Regulatory Administrative Databases in FDA's Center for Biologics Evaluation and Research: Convergence Toward a Unified Database

Jeffrey K Smith 1,
PMCID: PMC3675741  PMID: 23269527

Abstract

Regulatory administrative database systems within the Food and Drug Administration's (FDA) Center for Biologics Evaluation and Research (CBER) are essential to supporting its core mission, as a regulatory agency. Such systems are used within FDA to manage information and processes surrounding the processing, review, and tracking of investigational and marketed product submissions. This is an area of increasing interest in the pharmaceutical industry and has been a topic at trade association conferences (Buckley 2012). Such databases in CBER are complex, not for the type or relevance of the data to any particular scientific discipline but because of the variety of regulatory submission types and processes the systems support using the data. Commonalities among different data domains of CBER's regulatory administrative databases are discussed. These commonalities have evolved enough to constitute real database convergence and provide a valuable asset for business process intelligence. Balancing review workload across staff, exploring areas of risk in review capacity, process improvement, and presenting a clear and comprehensive landscape of review obligations are just some of the opportunities of such intelligence. This convergence has been occurring in the presence of usual forces that tend to drive information technology (IT) systems development toward separate stovepipes and data silos. CBER has achieved a significant level of convergence through a gradual process, using a clear goal, agreed upon development practices, and transparency of database objects, rather than through a single, discrete project or IT vendor solution. This approach offers a path forward for FDA systems toward a unified database.

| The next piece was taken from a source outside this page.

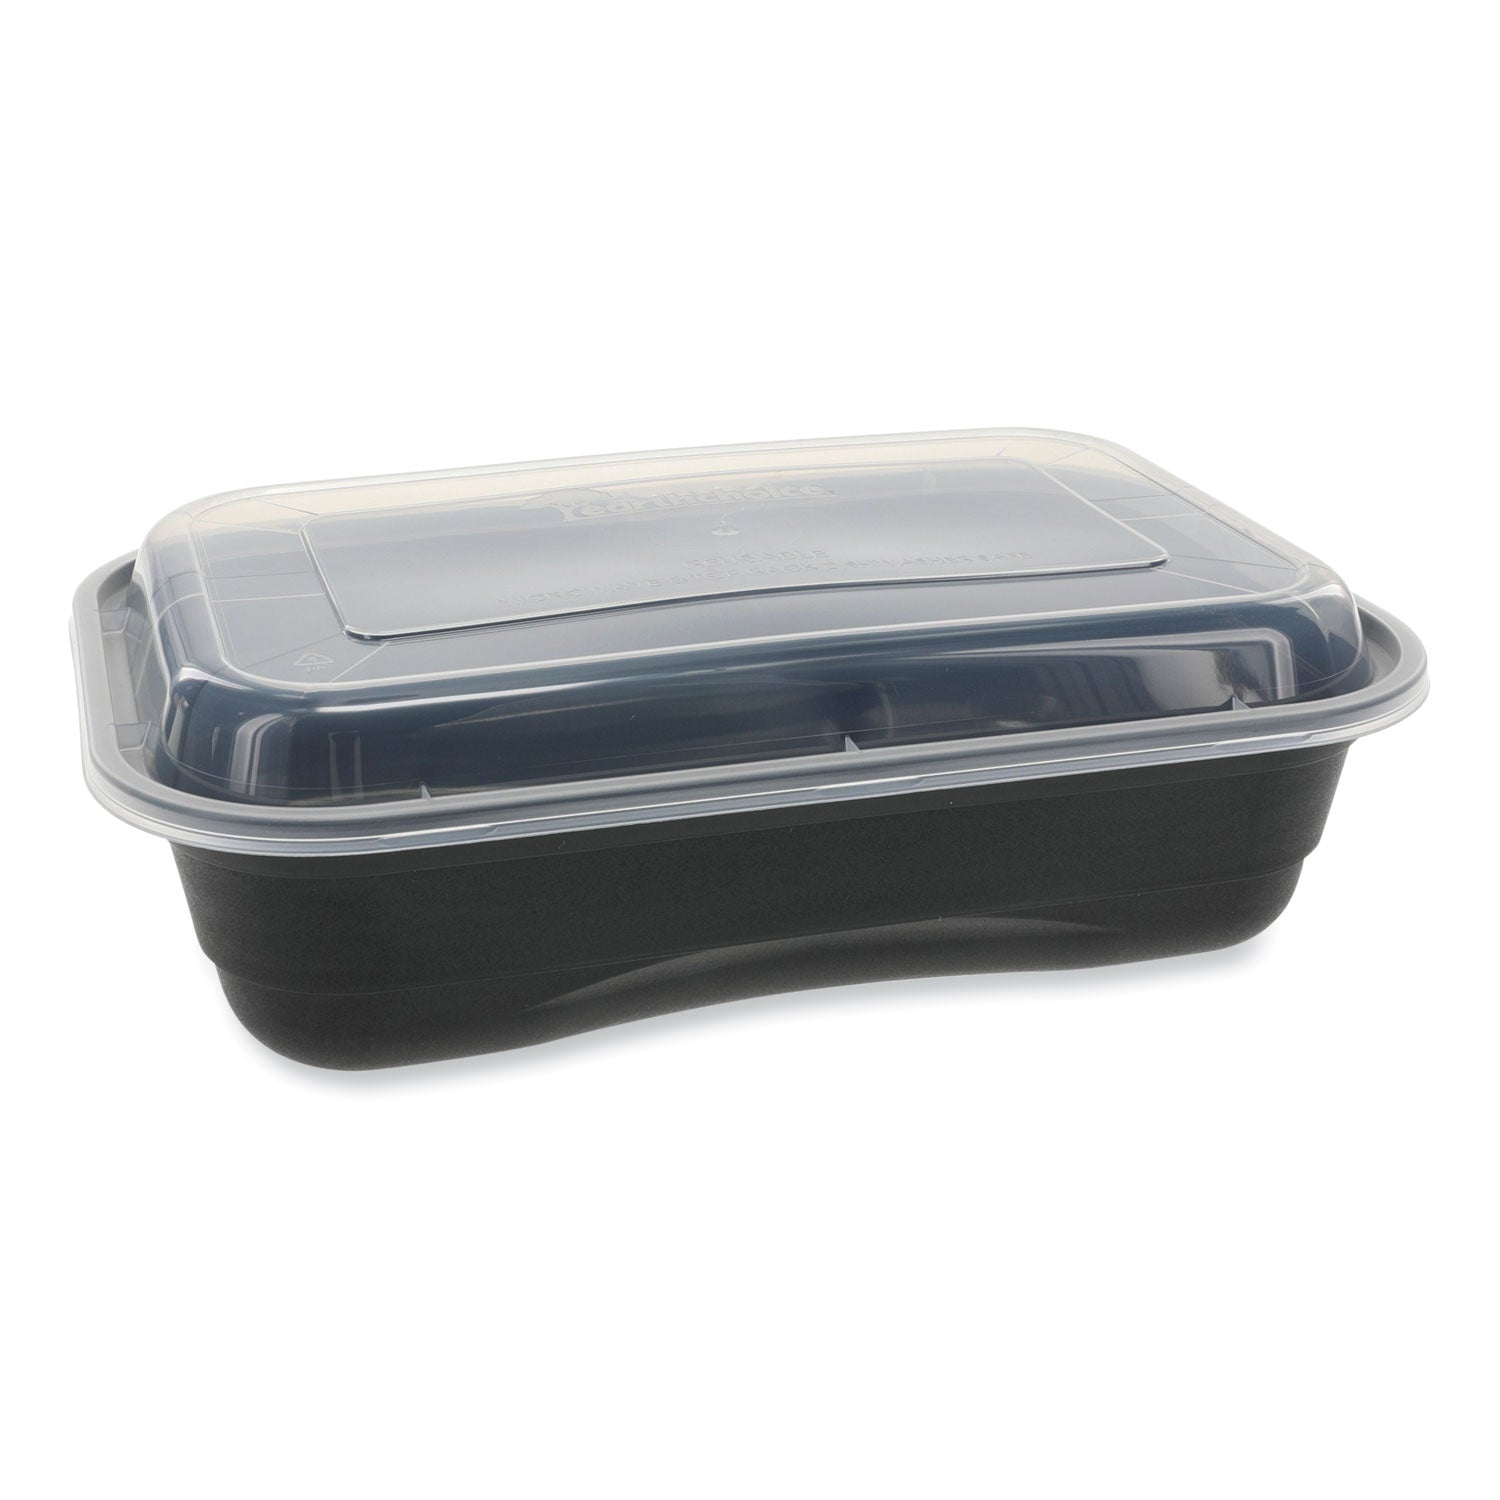 earthchoice-versa2go-microwaveable-container-36-oz-84-x-56-x-2-black-clear-plastic-150-carton_pctnv2grt3688b - 3

KEY WORDS: database, FDA, managed review, PDUFA, regulatory workload, silos

BACKGROUND

The Center for Biologics Evaluation and Research (CBER) is the Food and Drug Administration (FDA) center with regulatory oversight of biological products including vaccines, blood and blood products, and cells, tissues, and gene therapies for the prevention, diagnosis, and treatment of human diseases, conditions, or injury (2). This makes it unique among FDA centers and challenging for the variety of areas of responsibility and authority under which it must operate (3). The diverse array of products are subject to an equally diverse array of regulations, statutes, and negotiated user fee performance goals. In addition, these regulations and performance goals vary across the product lifecycle, from investigational through post-marketing and surveillance. It must therefore receive and process a variety of regulatory applications. For these reasons, the databases that support these applications and their associated review processes can be quite complex.

These systems not only must track the actual submissions CBER receives, but their metadata such as what is being added or modified in the product or manufacture, workflow, review committee membership and roles, review decisions, precedence, internal and external communications, and details surrounding the product, manufacture, usages, dosage forms, interfaces to the documents, and submissions in CBER's electronic document room, as well as history.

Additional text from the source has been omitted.